## Activity
With the pictures left out, restate exactly the part below that opens with the line containing "More than ever, this" and closes with the line containing "#gottagetbackrunning #cantstopwontstop #gentwithstents".

## Available records

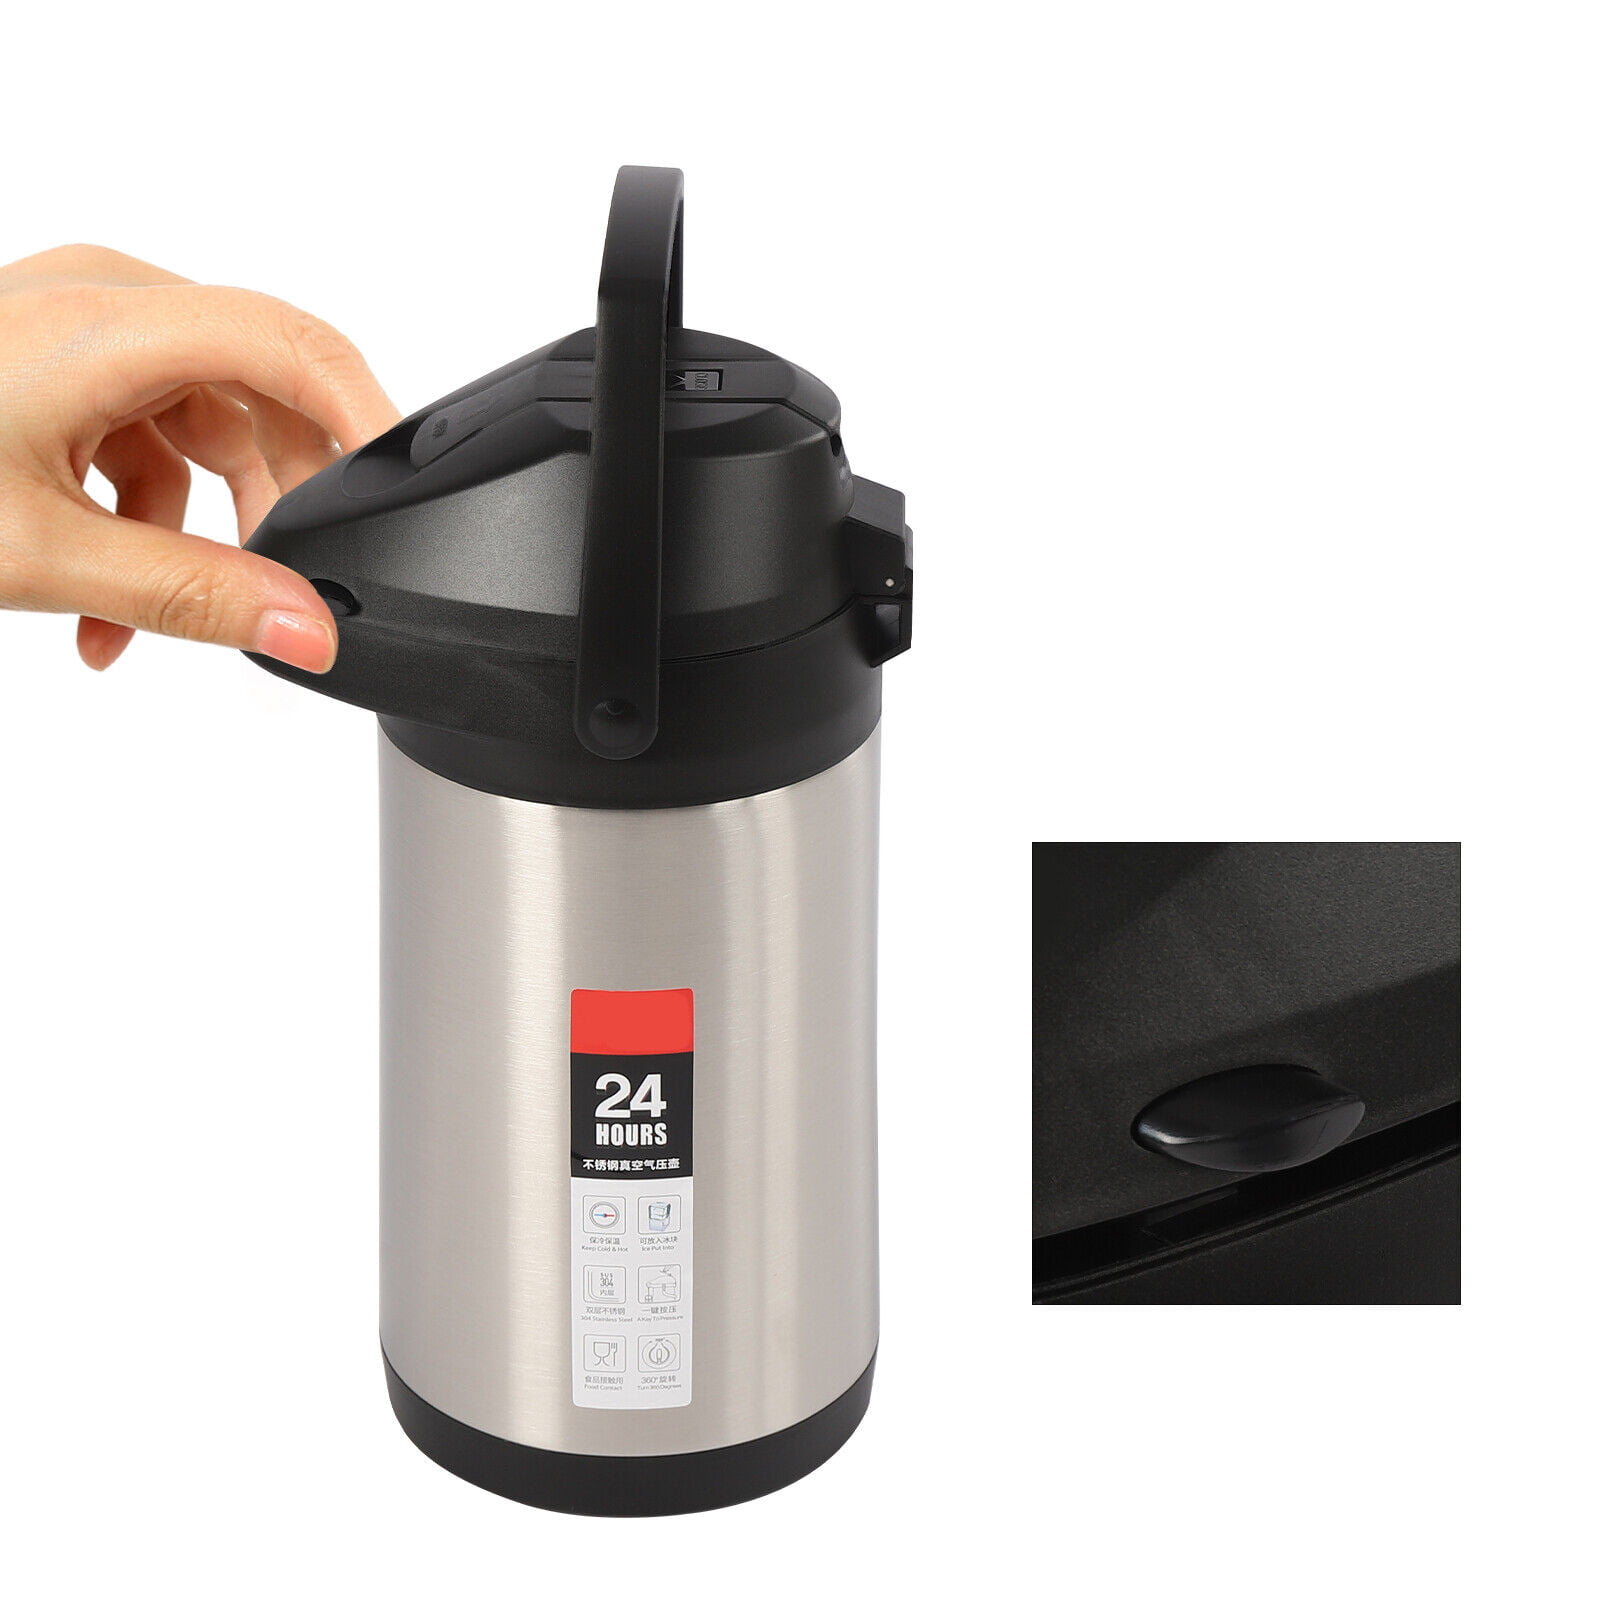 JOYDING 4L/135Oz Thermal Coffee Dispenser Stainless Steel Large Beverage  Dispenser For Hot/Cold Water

==

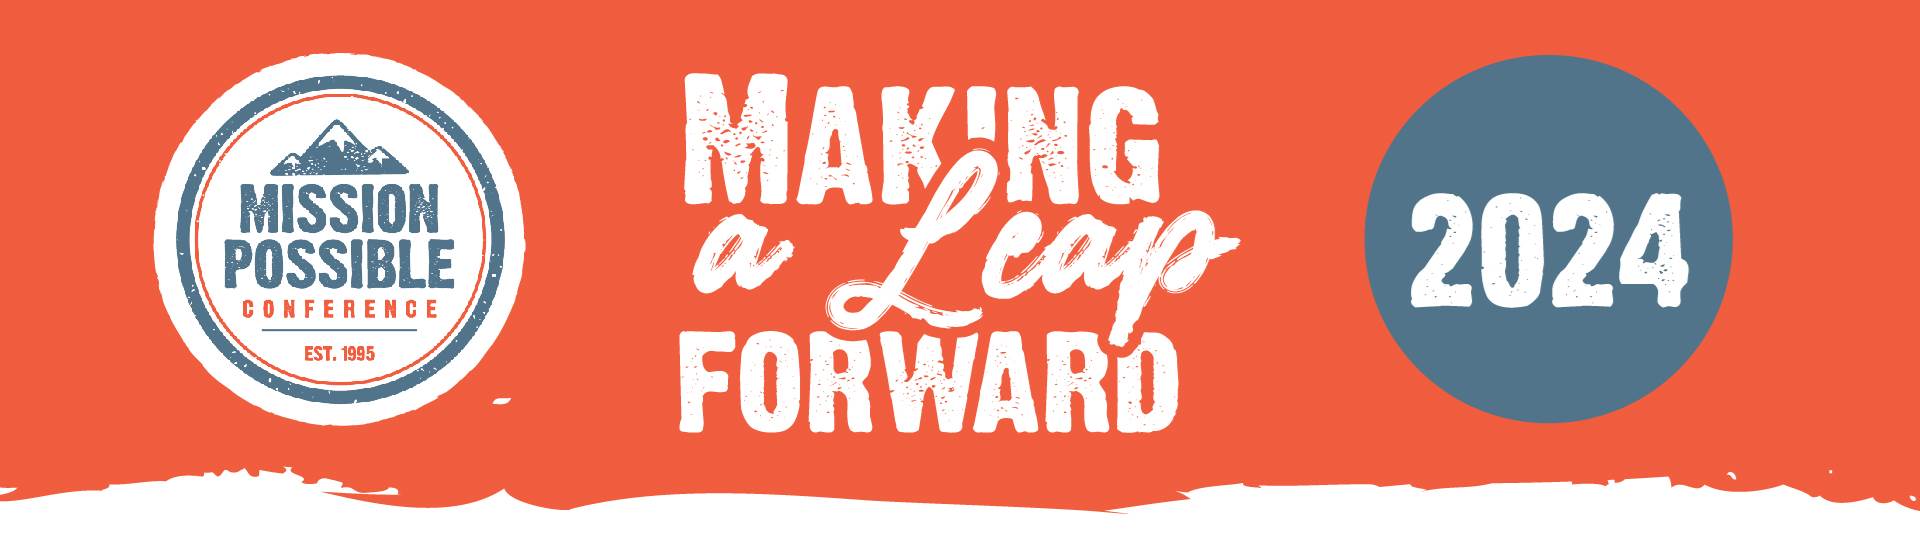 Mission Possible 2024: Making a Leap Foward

--

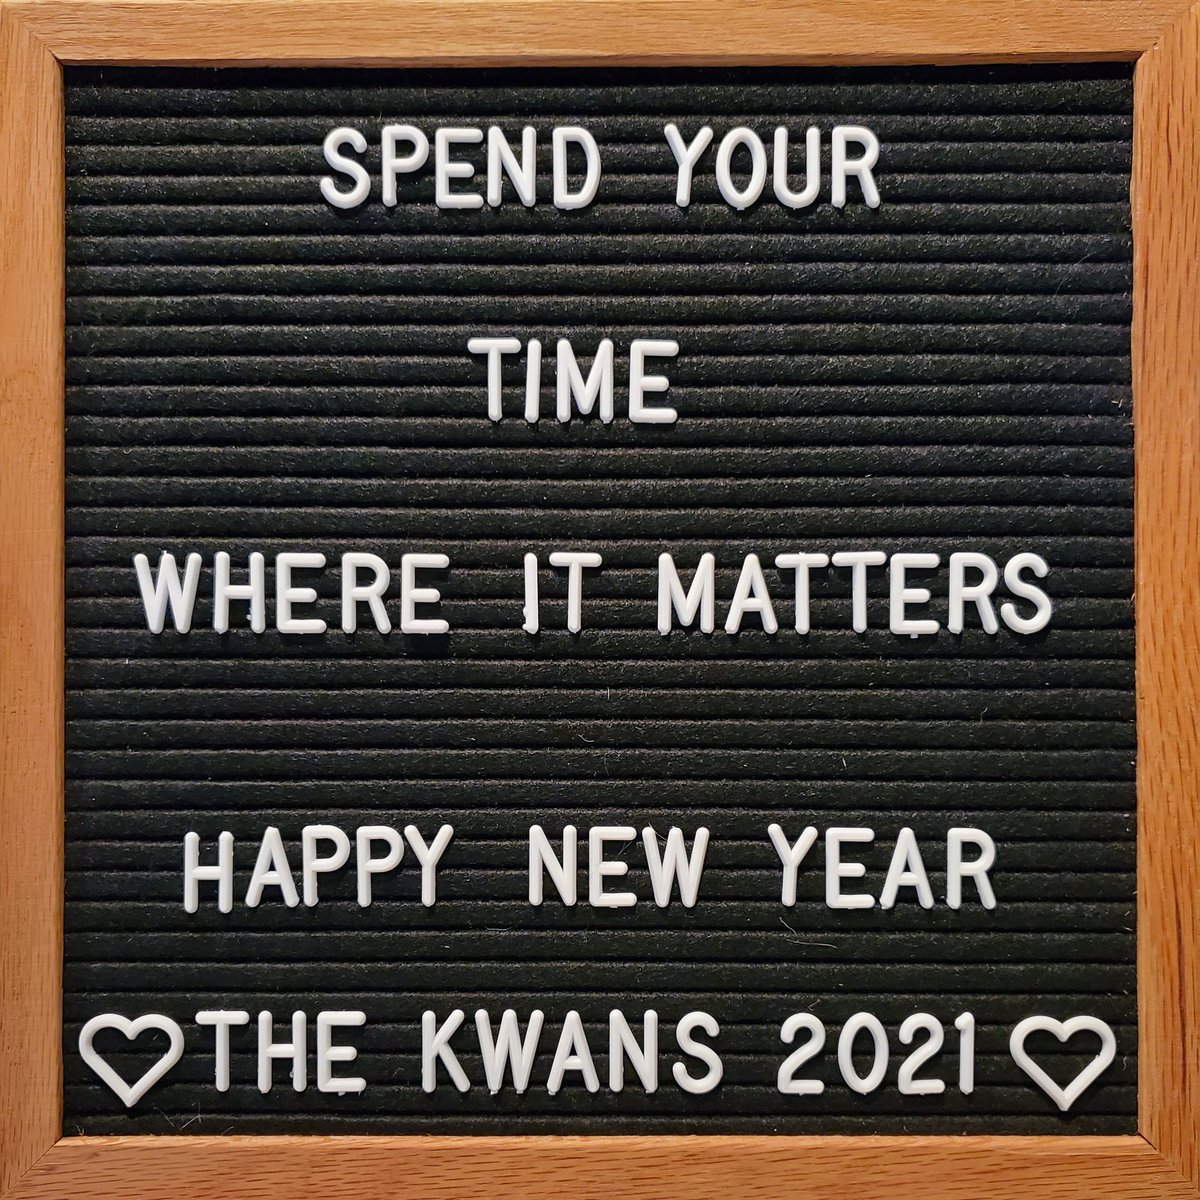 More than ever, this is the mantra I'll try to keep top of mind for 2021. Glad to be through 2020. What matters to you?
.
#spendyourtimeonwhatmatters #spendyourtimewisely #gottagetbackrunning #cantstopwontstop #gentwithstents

## Answer
 More than ever, this is the mantra I'll try to keep top of mind for 2021. Glad to be through 2020. What matters to you?
.
#spendyourtimeonwhatmatters #spendyourtimewisely #gottagetbackrunning #cantstopwontstop #gentwithstents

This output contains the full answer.